On the foreign exchange front, the Indian rupee snapped higher on Friday, considerably boosted by hefty fund inflows arising out of India’s bonds being included in the latest JPMorgan emerging market debt index. The rupee, which serves as a national currency in India, closed at 83. 3825 against the US dollar, which was a nearly 0.1% improvement in the INR vs USD rate from the previous session’s close of 83.46 against the USD. Although there were strong intervention bids present from state-run banks and large foreign banks quoting dollars, the gains within the rupee remained limited, observed the traders.
This decision to include bonds will possibly allow billions of dollars to flow into the fifth largest economy in the world starting from Friday after the passionate inclusion of eligible Indian bonds into the much-tracked JPMorgan index wanted. This development comes in the INR vs USD rate, at a time when the Indian rupee has slightly declined, with a drop of 0.2 percent over the year 2024 till this time.

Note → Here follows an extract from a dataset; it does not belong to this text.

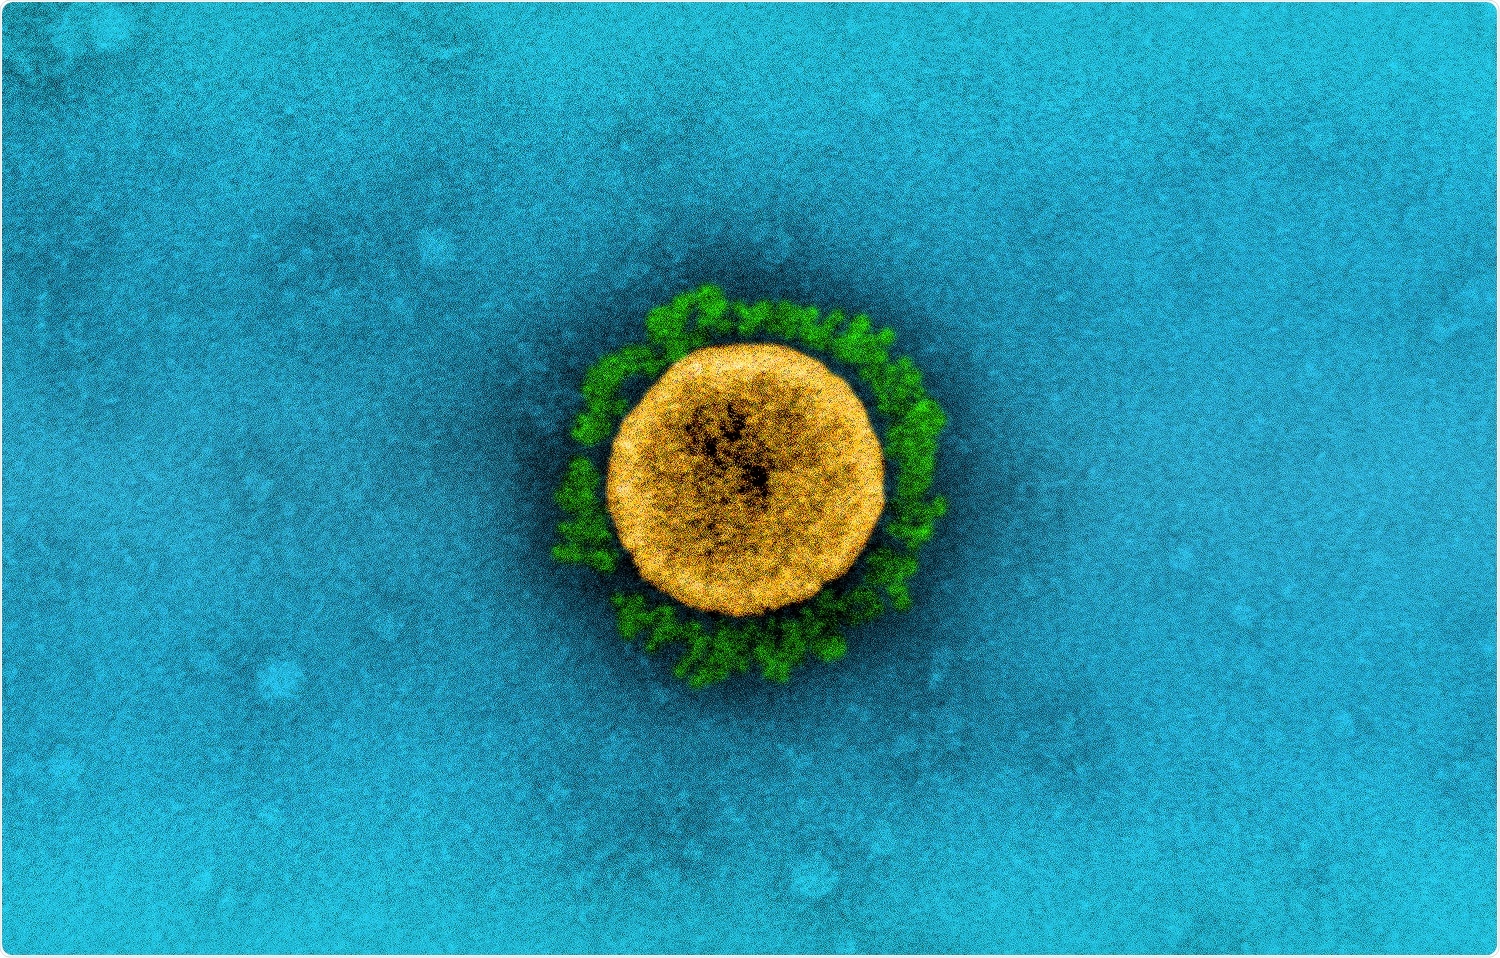 Study: SARS-CoV-2 Lambda Variant Remains Susceptible to Neutralization by mRNA Vaccine-elicited Antibodies and Convalescent Serum. Image Credit: NIAID
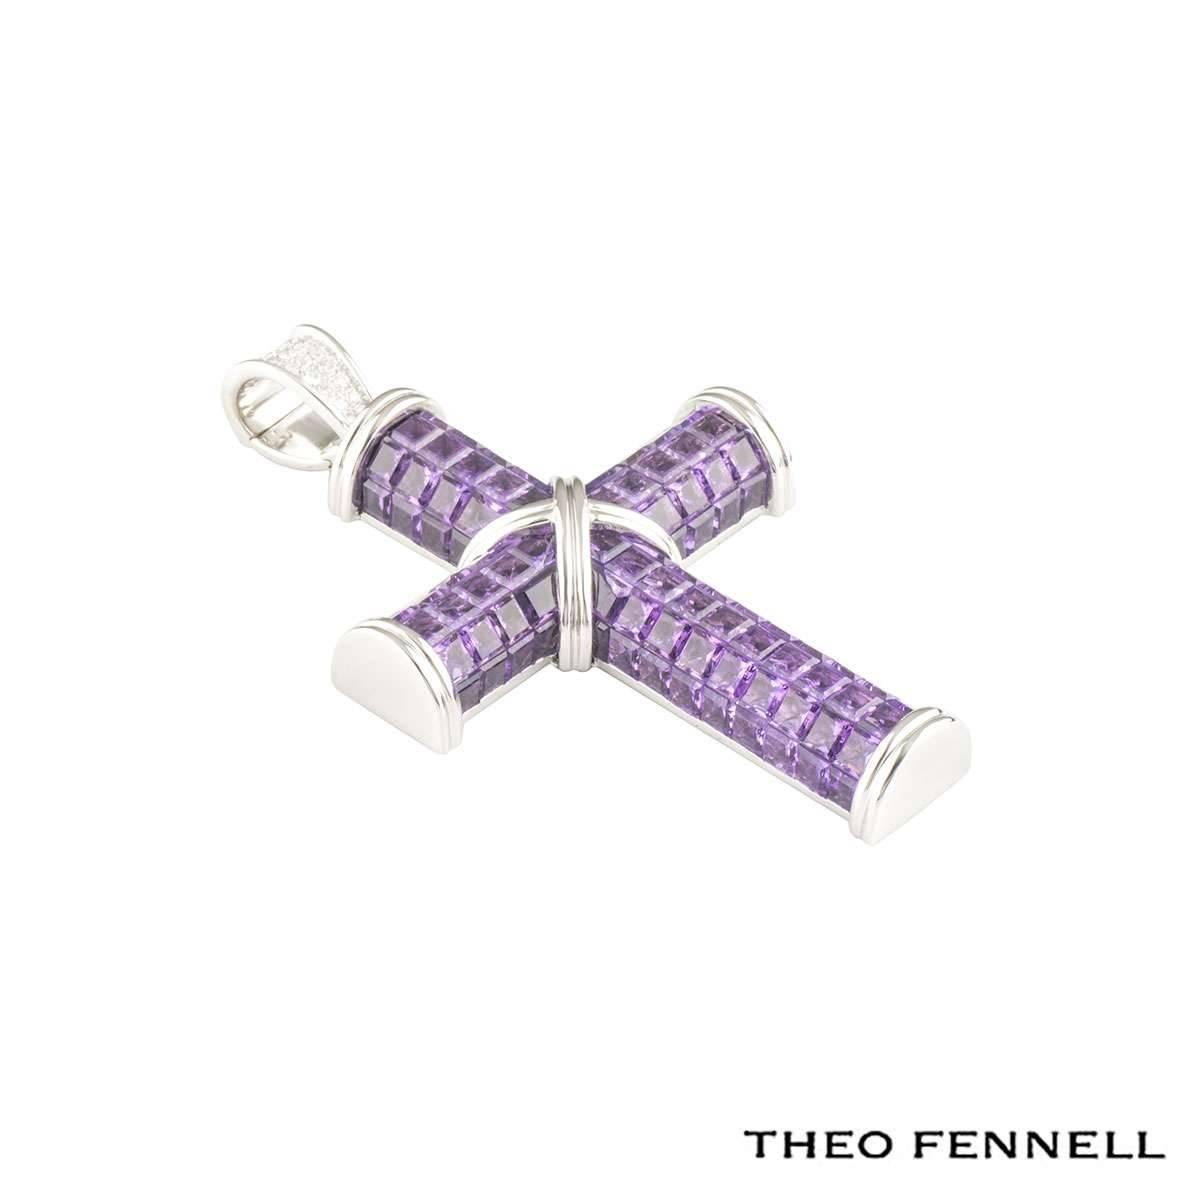 An 18k white gold cross pendant by Theo Fennell from the Crosses collection. The pendant features 109 square cut amethyst stones, totalling approximately 21.80ct. The pendant has a white gold 'X' set to the centre with matching raised terminations

On the same note, most Asian currencies have depreciated between 2% and 7% as expectations for future Fed rate cuts continue to diminish. Earlier in the year, market participants expected the Fed to make up to six cuts of 25 basis each for the year, and now they estimate it to be around two cuts for 2024.
It was an extended volatile trading session on June 28, with benchmark indices ending in the red. The BSE’s Sensex index dropped by 21045 points or 0.27 percent at 79,032.73, and Nifty fell to the level of 33.90 points or 0.14 percent to leave a total of 24,010.60.
The overall depreciation of the Asian currencies and the appreciation of the rupee against the U. S. dollar can be perceived as the expressiveness of India’s growing economic might and a beneficial influence of the more recent addition of the bond market in the JPMorgan index. This proves that India’s financial market is opening and can be perceived as a positive step for attracting foreign investors.
Favourable forex rates will contribute a boost in the inflow of capital that should help the Indian rupee come under a shield when other markets dip.